В эту ночь, с восьми вечера и до двенадцатого удара дворцовых часов, все сословные различия считались недействительными: господа и слуги ели и пили вместе, общались между собой на «ты», жали друг другу руки.
Дворянское сословие мог также представлять сын хозяина дома; если не было сына, то эта обязанность возлагалась на старшую дочь.
После встречи с лунатиком барон Эльзенвангер чувствовал себя настолько разбитым, что вынужден был просить свою внучатую племянницу, юную контессу Поликсену, занять его место на традиционном ужине.
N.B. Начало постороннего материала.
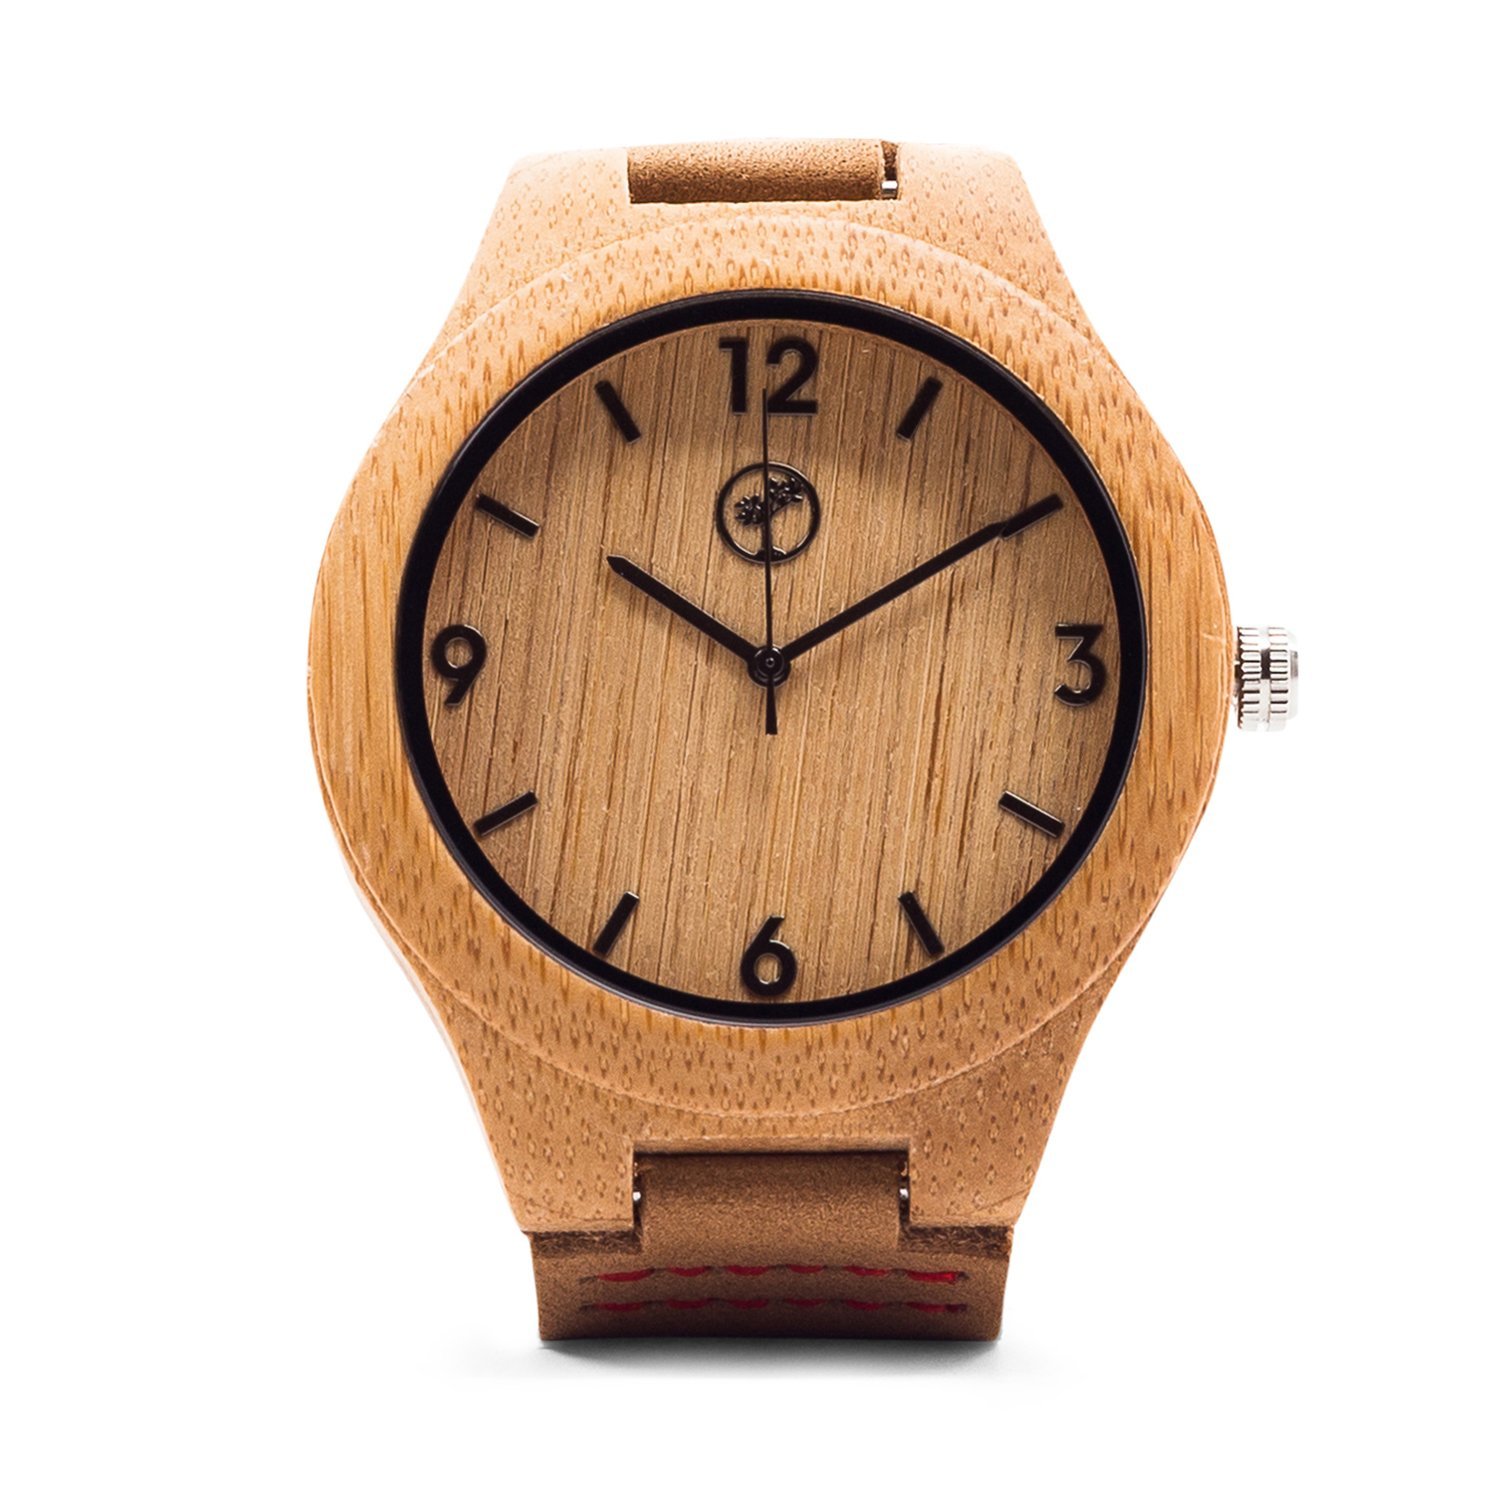 Amazon.com: Wooden Watch for Men by Tree People: Bamboo Wood Case ...

Барон принял ее в своей библиотеке, бесчисленные ряды книг окружали его (за всю свою долгую жизнь барон не потревожил ни одну из них). Он сидел за письменным столом с не-довязанным чулком в руках, спицы таинственно поблескивали в тусклом свете стоящей рядом свечи.
— Знаешь, Ксенерль, ведь ты все равно что моя дочь, а там
соберутся только свои. Если же захочешь спать и будет слишком поздно идти домой, укладывайся в гостевой. Ну как?
Поликсена хотела было сказать, что уже велела приготовить себе постель в картинной галерее, однако вовремя спохватилась, не растревожит ли это ее решение дядюшку, и промолчала, рассеянно усмехнувшись.
В полном молчании прошло еще с полчаса: он, с желтым клубком в ногах, сидел в своем вольтеровском кресле и то и дело тяжело и мучительно вздыхал — она, откинувшись в качалке по соседству с пожелтевшими фолиантами, курила сигарету под тихое монотонное позвякиванье спиц.
Потом Поликсена заметила, как его руки внезапно замерли, чулок выпал, а сам барон, свесив голову, погрузился в старческий, почти неотличимый от смерти сон.
Какая-то невыносимая, тяжкая усталость от постоянной внутренней поглощенности чем-то неведомым, чему она сама не находила подходящего имени, приковала ее к креслу.
Может, станет легче, если открыть окно и впустить свежий, сырой от дождя воздух? Она уже привстала, но боязнь разбудить старика и снова слушать его пустой старческий лепет остановила ее.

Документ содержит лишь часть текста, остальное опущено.